Sunday, November 21, 2010

The benefits of work...

Hephaestos is the god of work. In his manifestation to the Greeks as a Smith, he places himself in a position to be a God of hard, harsh, and often painful work. He works at a trade that is capable of producing much beauty, utility, and protection. He can make a sword for the heroic soldier, or a shield for the heavenly lady of battles, or inlay into metal the most astonishingly beautiful of designs, but in doing so he may also hurt himself. His pained hands, his burned forearms, his bent back as he works tirelessly to create as if from the very fires of creation, that which he must.

 

We all experience this kind of thing. We all go to work and bring to our minds and bodies stresses that, unfortunately, can also harm us tremendously even as we seek to create or serve. In Hephaestos we have the spirit that allows us this, to dedicate ourselves to a task and be happy, or do one grudgingly and be miserable.
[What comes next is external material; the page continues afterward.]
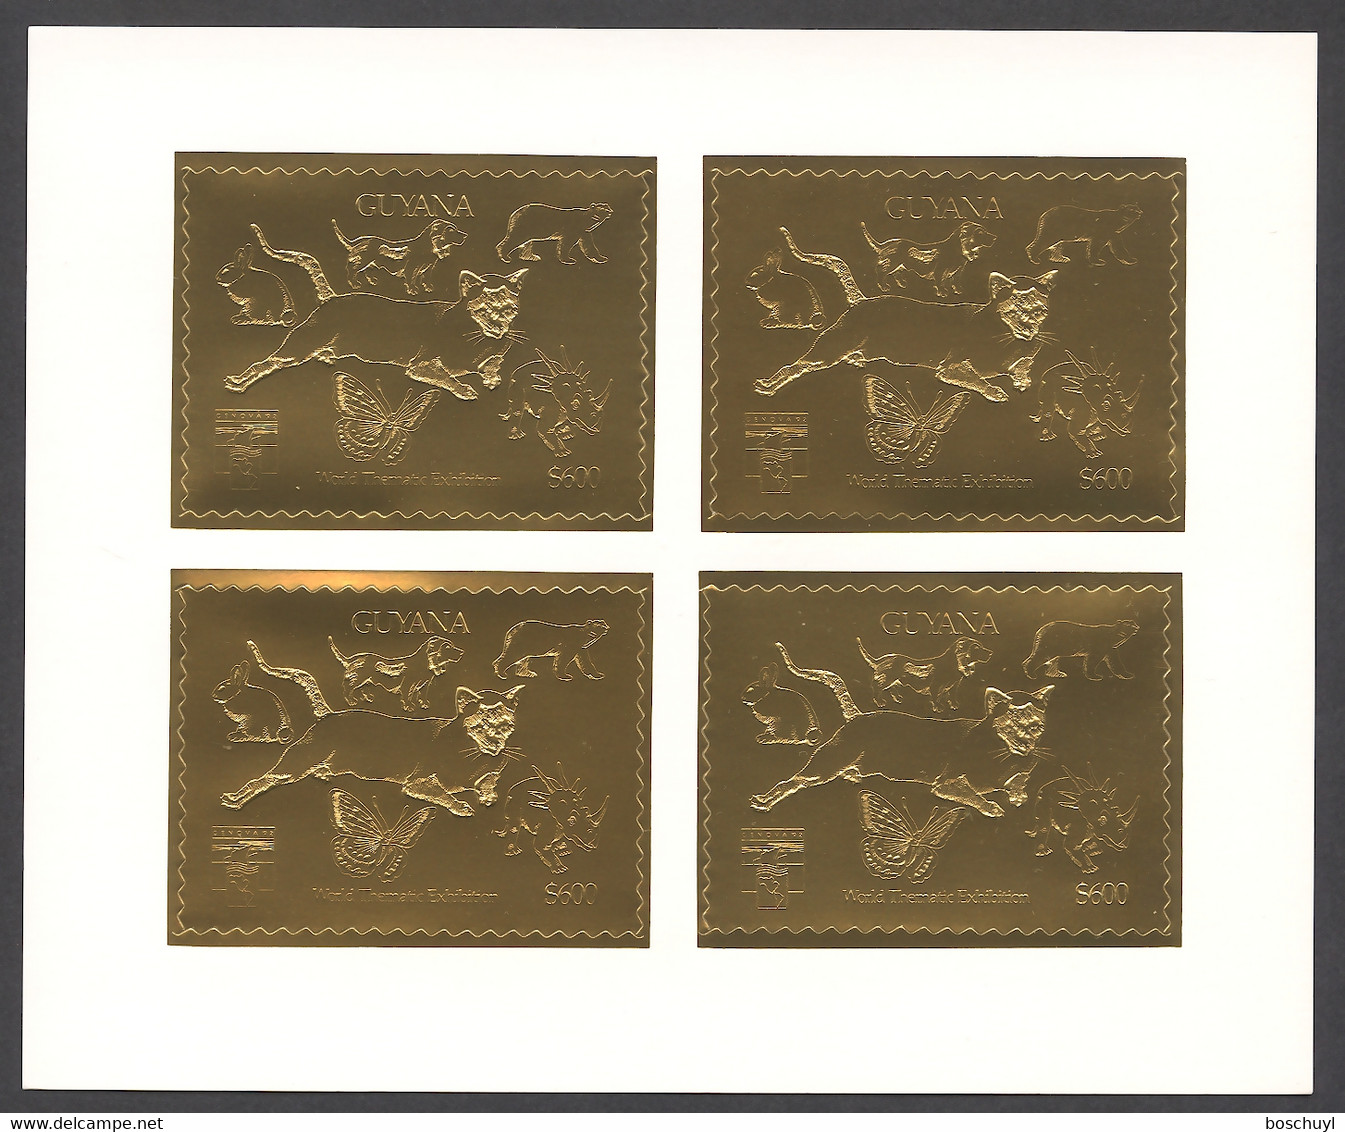 Guyana, 1992, Dog, Bear, Rabbit, Cougar, Butterfly, Dinosaur, Genova, Gold, MNH Perforated Sheetlet, Michel 3978BA - Guyana (1966-...)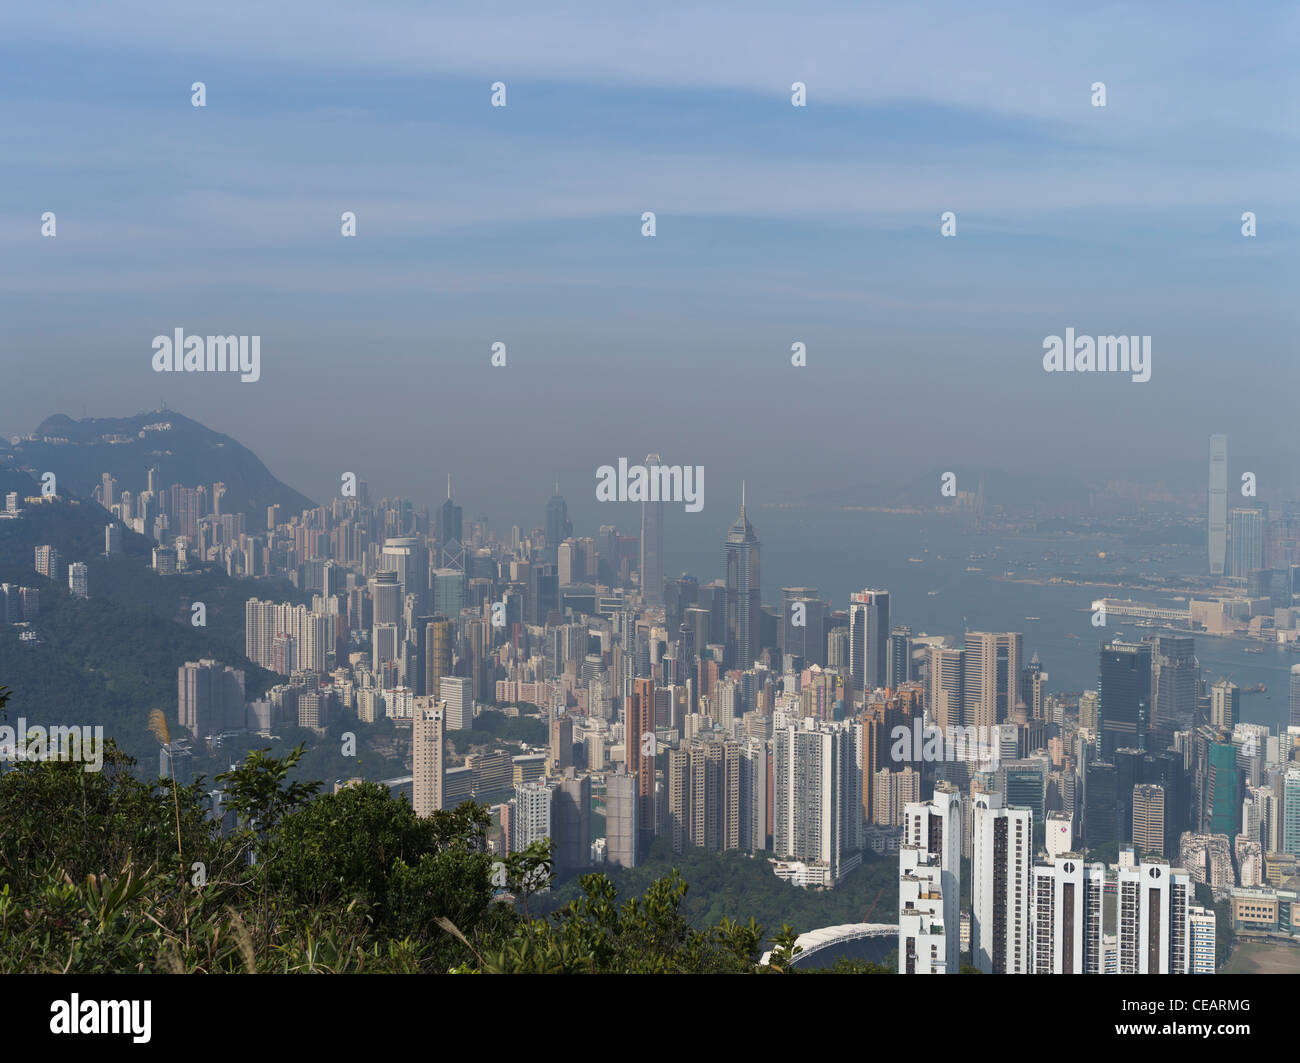 Dh JARDINES LOOKOUT HONG KONG vista di Hong Kong Island Harbour smog inquinamento aria inquinata inquinamento cina Foto Stock

We get to choose.

 

As I was working yesterday, a job with which I have a love/hate relationship for sure, I noticed something important, and which now prompts me to ponder this further, and that is that the same job, doing the same thing, with the same obnoxious clientele, can be both pleasant or miserable all at the same time, and that it isn't the job that decides that, it's me. By bringing to bear a certain mindset, by running that internal program that slows me down and makes me think most clearly, I make the job enjoyable. I do it.

 

And so it is that today I am hoping to dedicate myself to training my mind to do that, to bring the spirit of Hephaestos into my heart as I toil away and give myself over not to the misery of it, but to the surprising pleasure that having something to do everyday can bring, and while I would still rather be home writing a blog entry or playing Angry Birds, I can take solace in knowing that what I am doing is allowing me to work my way through life rather than depending on others.